USP13 is an ER-associated DUB that promotes the ERAD process by antagonizing AMFR/gp78-mediated ubiquitination of Ubl4A, an essential component of the Bag6 chaperone complex32. In our study, we found that a portion of USP13 localized to the ER and constitutively interacted with STING in uninfected cells. Consistent with these observations, the basal ubiquitination of STING, interaction between TBK1 and STING, and the expression of several downstream genes were increased in USP13-knockdown THP-1 cells or in USP13 deficient cells compared to the controls without viral infection, indicating that USP13 keeps the innate immune signalling in check in unstimulated cells. In this context, it has been reported that the E3 ligase AMFR/gp78 constitutively interacts with and mediates basal K27-linked ubiquitination of STING in the absence of viral infection27. In contrast to STING translocating from ER to form puncta and recruit TBK1, the distribution of USP13 in cells was not affected by HSV-1 infection, indicating that HSV-1-induced redistribution of STING results in dissociation from USP13. Results from endogenous immunoprecipitation and immunofluorescence and microscopy analysis showed that a small portion of USP13 still interacted with STING on ER after HSV-1 infection. Indeed, HSV-1-induced activation of IRF3 and NF-κB and subsequent induction of downstream genes were enhanced in USP13 deficient mouse cells or in USP13-knockdown THP-1 cells, suggesting that the residual USP13-STING association restricts excessive activation of STING in response to viral infection. Consistent with these observations, deficiency of USP13 in mice resulted in increased ubiquitination of STING, production of type I IFNs and proinflammatory cytokines and exacerbated lung inflammation after HSV-1 infection. Thus, it is likely that USP13 plays a dual role under physiological and infectious conditions by keeping basal immune response in check and inhibiting virus-triggered excessive harmful inflammation and immunity, respectively.
The Usp13m/m mice developed normally and did not show any autoimmune diseases until 10-month old. Whether the autoimmune symptoms will be observed in older Usp13m/m mice remains to be explored. It should be noted that although basal ubiquitination of STING was increased in the absence of USP13, only weak (if any) increase of basal expression of selected genes was observed in these cells compared to the controls. Considering that fully activation of STING requires cGAMP binding- and ubiquitination-mediated oligomerization, the increased basal ubiquitination of STING alone without challenge by DNA viruses or cytoplamic DNA ligands might not be sufficient for full activation of STING and sustained activation of downstream genes. Alternatively, the increased basal ubiquitination of STING might induce basal expression of negative regulators of immune activation which inhibits overactivation of basal immune responses in Usp13m/m cells or mice. In this context, it has been demonstrated that loss of STING which causes suppression of negative regulators involved in immune responses renders mice more susceptible to systemic autoimmunity in the mouse lupus model35.

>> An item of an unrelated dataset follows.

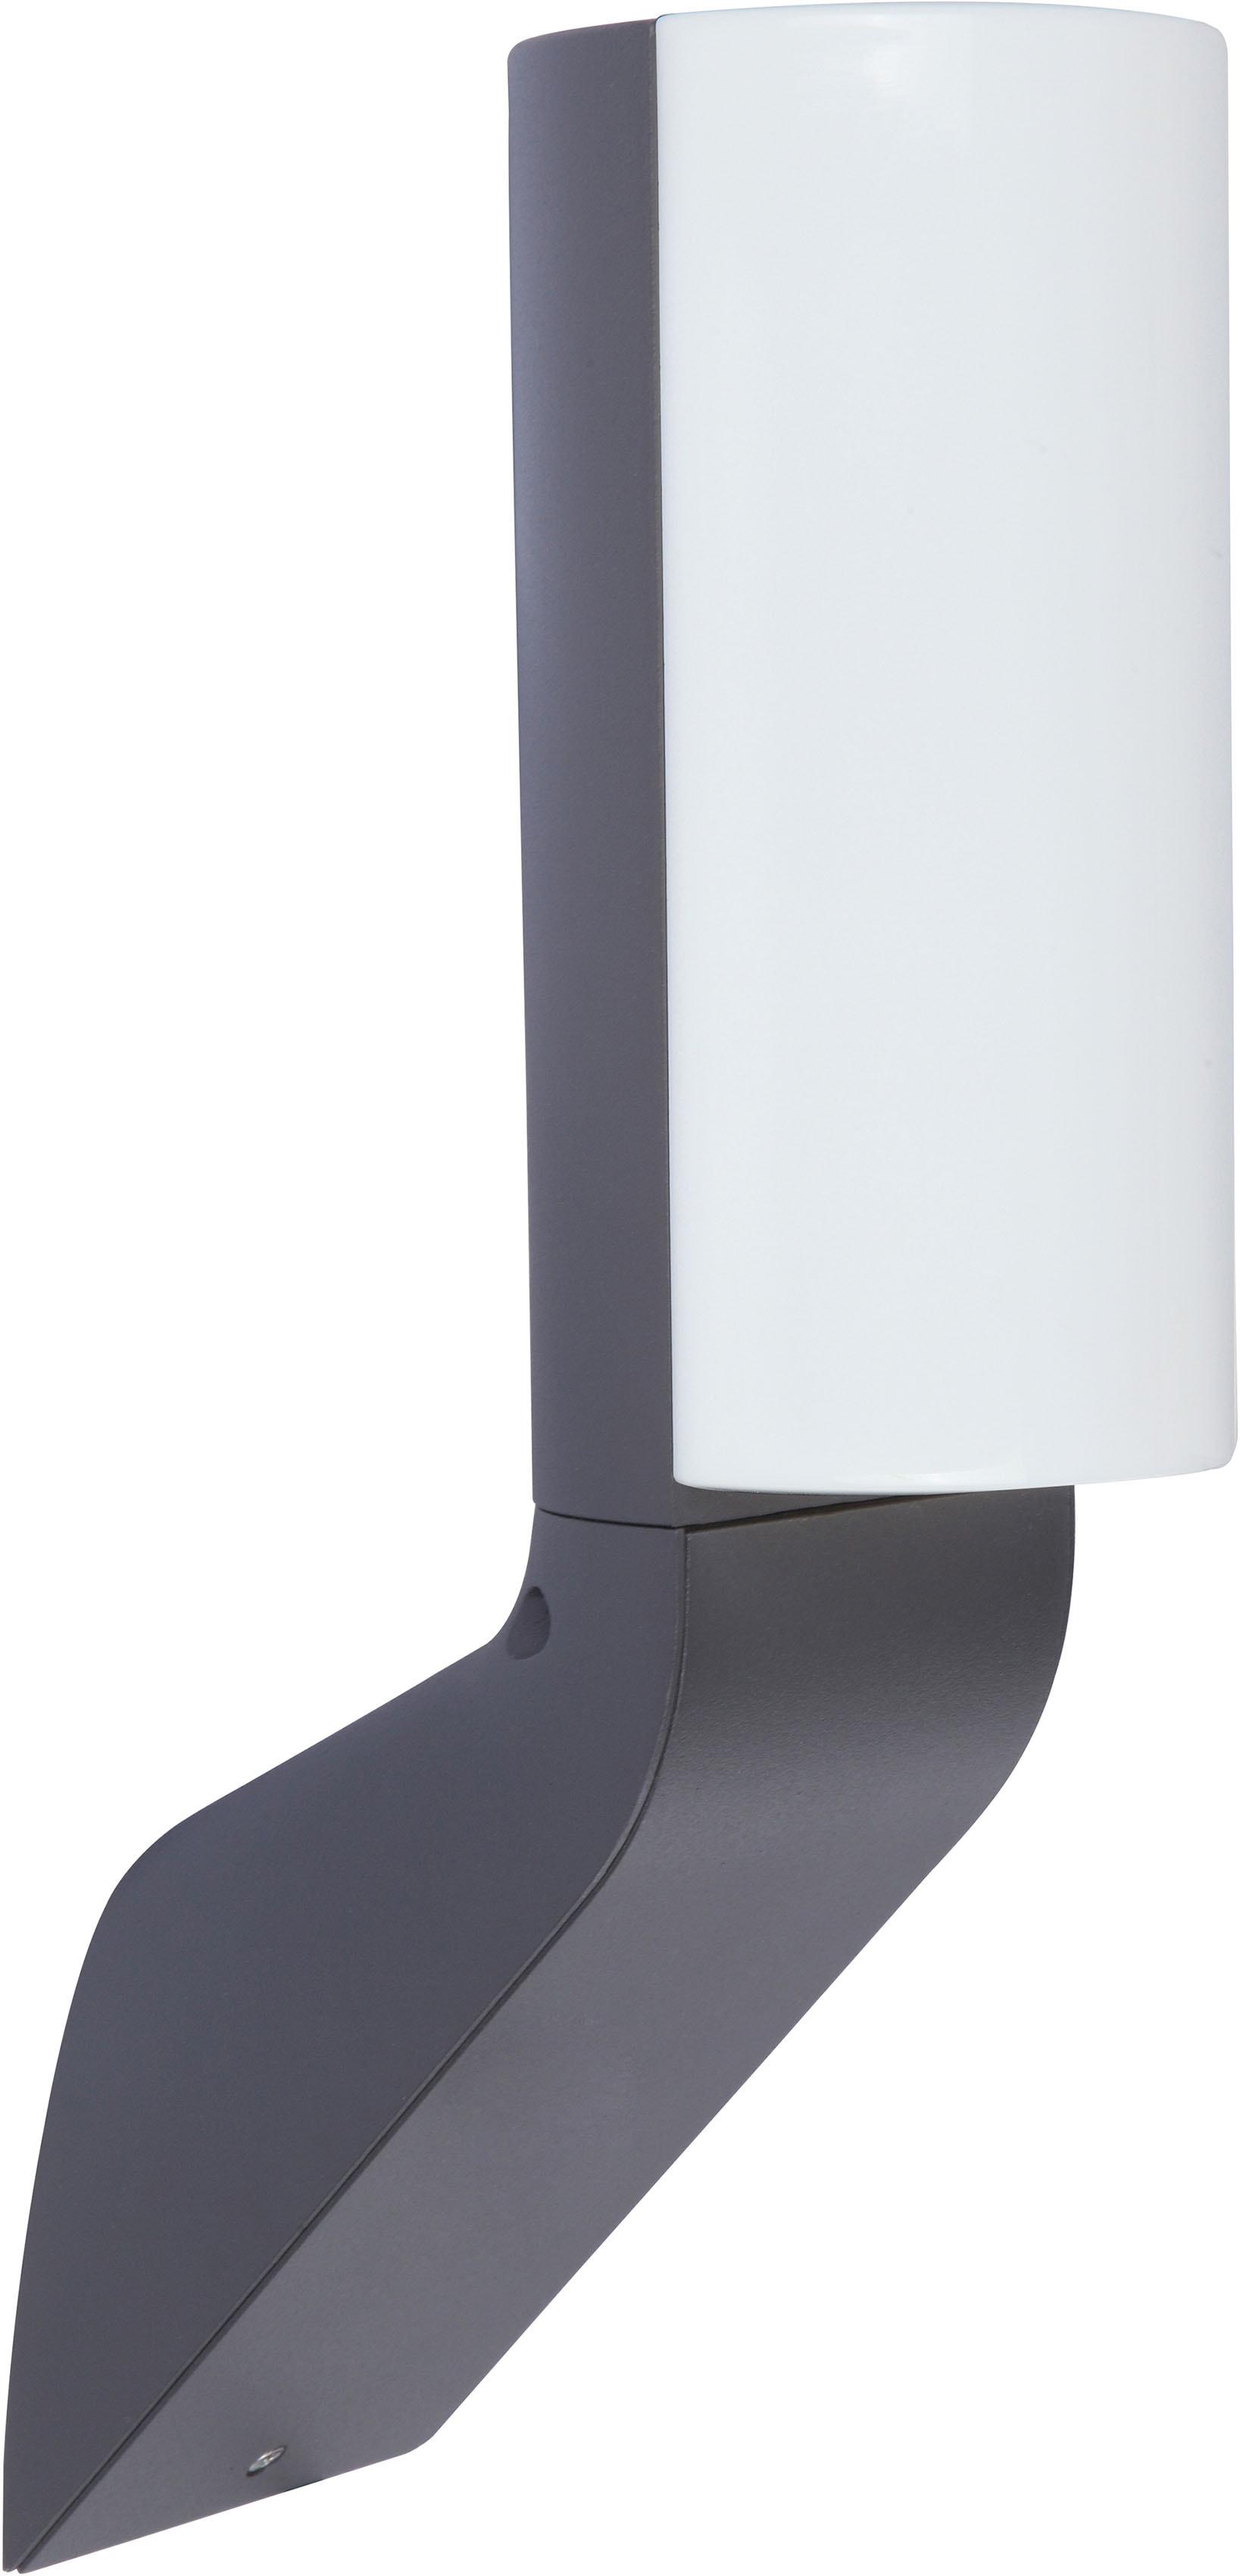 LUTEC LED Außen-Wandleuchte BATI 5188601125, LED-Modul, 1 St., Neutralweiß

Our results also suggested that USP13 deconjugated K33-linked ubiquitination of STING in cells and in vitro. It is unclear how the K33-linked ubiquitination of STING is mediated and whether it is related to the physiological function of STING. Further investigations are required to address this point. Although USP13 deconjugated K29O-linked ubiquitin chains from STING in cells, USP13 failed to do so in vitro. The reason behind the phenomenon is currently unknown. A possible explanation for this is that USP13 might remove K29-linked ubiquitination of STING together with other DUBs. In this context, it has been demonstrated that USP13 recruits and deubiquitinates USP10 which is essential for deubiquitination and stabilization of Beclin1 and our recent study has identified multiple DUBs interacting with STING28,36. Future studies will focus on whether and how the STING-interacting DUBs and USP13 cooperate to deubiquitinate K29-linked ubiquitination of STING. Nonetheless, our study has clearly demonstrated that USP13 directly deconjugates polyubiquitin chains from STING and thereby prevent the recruitment of TBK1 to restrict antiviral responses.
Based on our data and others, we proposed a working model on USP13-medaited regulation of STING during innate antiviral signalling (Supplementary Fig. 10). In unstimulated cells, USP13 interacts with and catalyses deubiquitination of STING which constitutively undergoes K27-linked ubiquitination mediated by AMFR/gp78, thereby restricting the basal immune signalling. Upon infection with DNA viruses, the majority of USP13-interacting STING is disassociated from USP13 and translocates to form puncta, thereby leading to increased ubiquitination of STING and boosted recruitment of TBK1. Meanwhile, a portion of USP13 still interacts with STING to prevent excessive immune and inflammatory responses. Our study contributes to the complicated regulatory molecular mechanisms of antiviral responses and provides USP13 as a potential target for future adjuvant or medicine design for infectious diseases.
The Usp13m/m mice were generated by the CRISPR/Cas9-mediated genome editing. In brief, the vectors encoding Cas9 (44758, Addgene) and guide RNA were in vitro transcribed into messenger RNA (mRNA) and gRNA followed by injection into the fertilized eggs that were transplanted into pseudopregnant mice. The targeted genome of F0 mice was amplified with PCR and sequenced and the chimeras were crossed with wild-type C57BL/6 mice to obtain the Usp13+/m mice. The F1 Usp13+/m mice were further crossed with wild-type C57BL/6 mice for at least three generations. Mice were genotyped by PCR analysis followed by sequencing and the resulted Usp13+/m mice were crossed to generate Usp13+/+ and Usp13m/m mice. Age- and sex-matched Usp13+/+ and Usp13m/m littermates were blindingly randamonized into groups for animal studies. All mice were housed in the specific pathogen-free animal facility at Wuhan University and all animal experiments were in accordance with protocols approved by the Institutional Animal Care and Use Committee of Wuhan University.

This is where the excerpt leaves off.